The Seattle location works, too, and this was Seattle
before it made it big and exported burnt coffee to the rest of the world
(insert a rare smiley here). Although he grew up in San Diego, Cameron
Crowe just seems like a Seattle sort of person. His next movie, Singles,
is also set in Seattle and it came out at the time Seattle was hitting it
big as the grunge capital of the world.
The touch of James Brooks, the producer of Cheers,
Frasier, etc., fame, is evident as well and adds to the movie. Not
only did Say Anything's casting benefit from Mr. Brooks, but I
suspect that he helped set just the right tone for the movie.

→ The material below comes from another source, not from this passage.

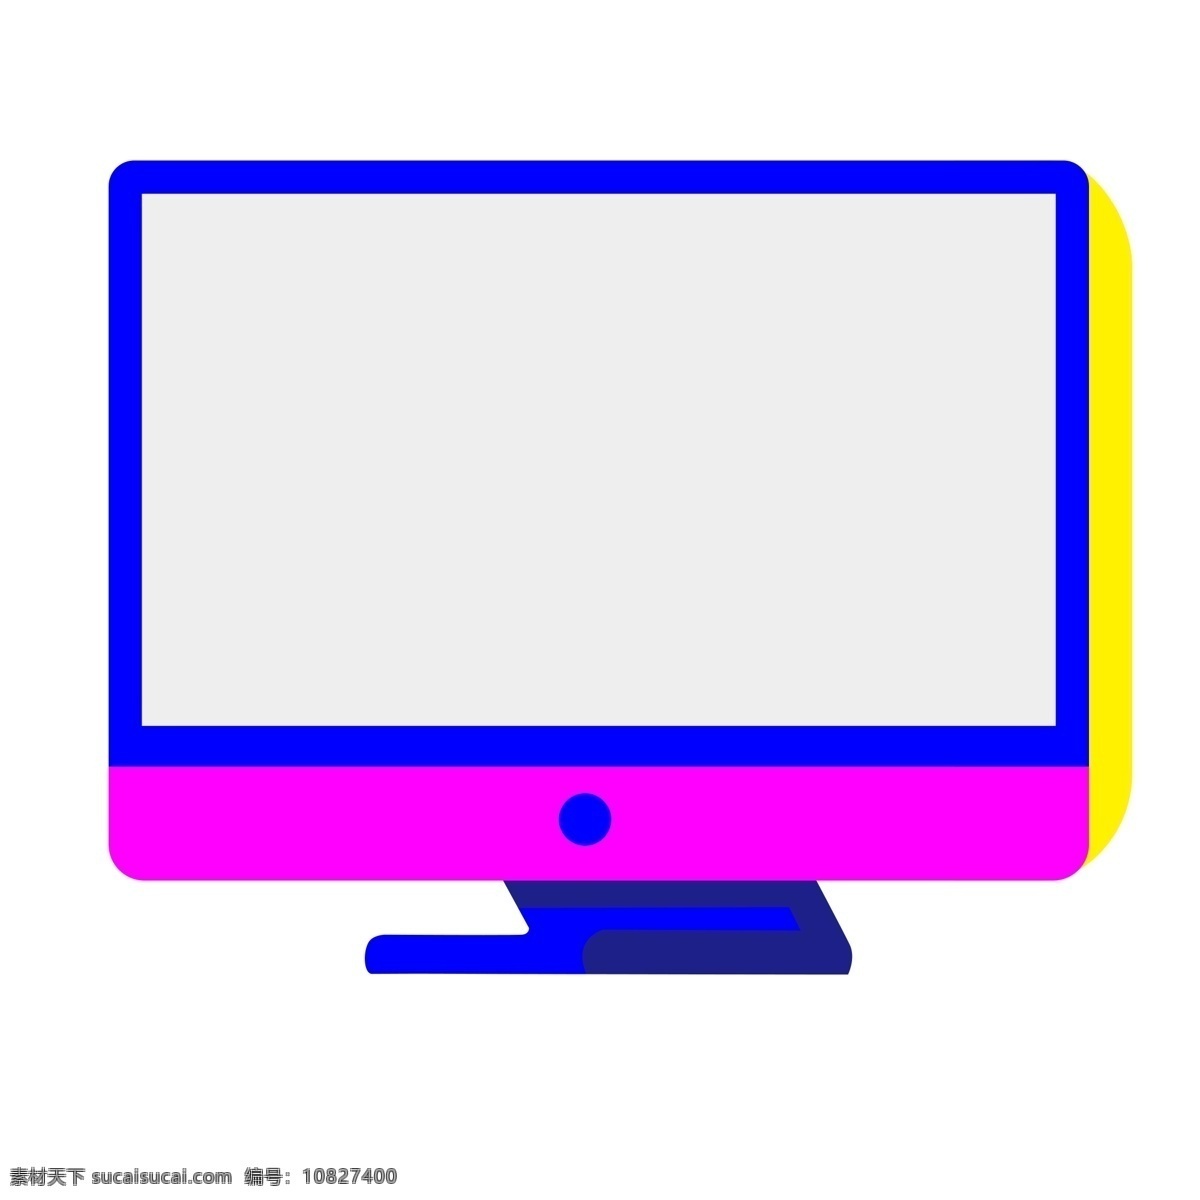 台式 扁平化 商务 电脑 侧面图 免 扣 显示器 科技 键盘 鼠标 套装 桌面 紫色 立体 阴影 矢量 侧视 png免扣

Say Anything was not the last word in teen movies, just
those that sprung out of Ridgemont High. The year 1989 also gave us
the black comedy masterpiece "Heathers," a film which not only
took the genre to a new level, but set the stage for 1990s and such
wonders as Buffy
the Vampire Slayer.
Getting back to Cameron Crowe, I find that many of the
other movies that he has directed contain moments that don't resonate with
me at all. The worst of them is the Tiny
Dancer moment on the bus in Almost
Famous. While I was not a second-rate rock star in the '70s, I was
there and I knew lots of people like the second-rate rock stars in the
movie. Tiny Dancer was not on their playlist, trust me. Most of the
characters in Singles, especially the Campbell Scott character who pitched
the espresso-fueled SuperTrain, came from the annoying side of the
Croweverse. That film was chock full of moments that just don't work for
me.
Cameron Crowe seemingly got out of the teen film movie
biz, but with Tom Cruise, the poster boy of arrested development, in two
of his films (Jerry
Maguire and Vanilla
Sky), one can also consider those to be teen flicks. I don't have
much to say about Jerry Maguire (I don't own it on DVD and only
watched it once on cable), but unlike many of the critics (the film gets a
pitiful 39% on the tomato meter) I actually liked Vanilla Sky and
thought that it was a major improvement over Open
Your Eyes, the Spanish film of which it is remake. Even Penelope
Cruz is better in Crowe's version. I think that Vanilla Sky will
age well and while it may never garner the acclaim of a Fight
Club and Donnie
Darko, it won't be that far behind them.
In Vanilla Sky, Tom Cruise plays Jann
Wenner, the head of Rolling Stone and Mr. Crowe's long-time
boss, or someone very much like him. Perpetual movie buddy and sometimes
animated villain, Jason Lee, is Tom's sidekick. The rest of the cast, with
the notable exception of the miscast Cameron Diaz, are even better than
Cruise and Lee. Noah Taylor, Timothy Spall, and Alicia Witt in particular
are outstanding in their roles. As a teen movie, it is definitely from the
Donnie Darko mold in which someone enters weird parallel universe and the
viewer wonders what in the world is going on. Cameron Crowe's big problem
with Vanilla Sky is that, like the Spanish original, it is too
restrained, refusing to take the metaphorical leap that Tom Cruise is
force to take in that movie.
Cameron Crowe's future is a giant question mark. I
haven't seen his latest film, Elizabethtown, but it did even worse
with the critics than Vanilla Sky, which cannot be good for his
career. It seems like Crowe has a giant hump to get over that will require
a lot more maturity than his early films have shown. Failure, however, is
a quick path to maturity and there is a chance that out of his failures
Mr. Crowe can ultimately take things to the next level and become a truly
great writer/director. We will just have to see.
Next month, it's back to technology, money, and so on
for a while. Next summer's trilogy is likely to concern the production
side of popular music, but I've got a long way to go until I get there.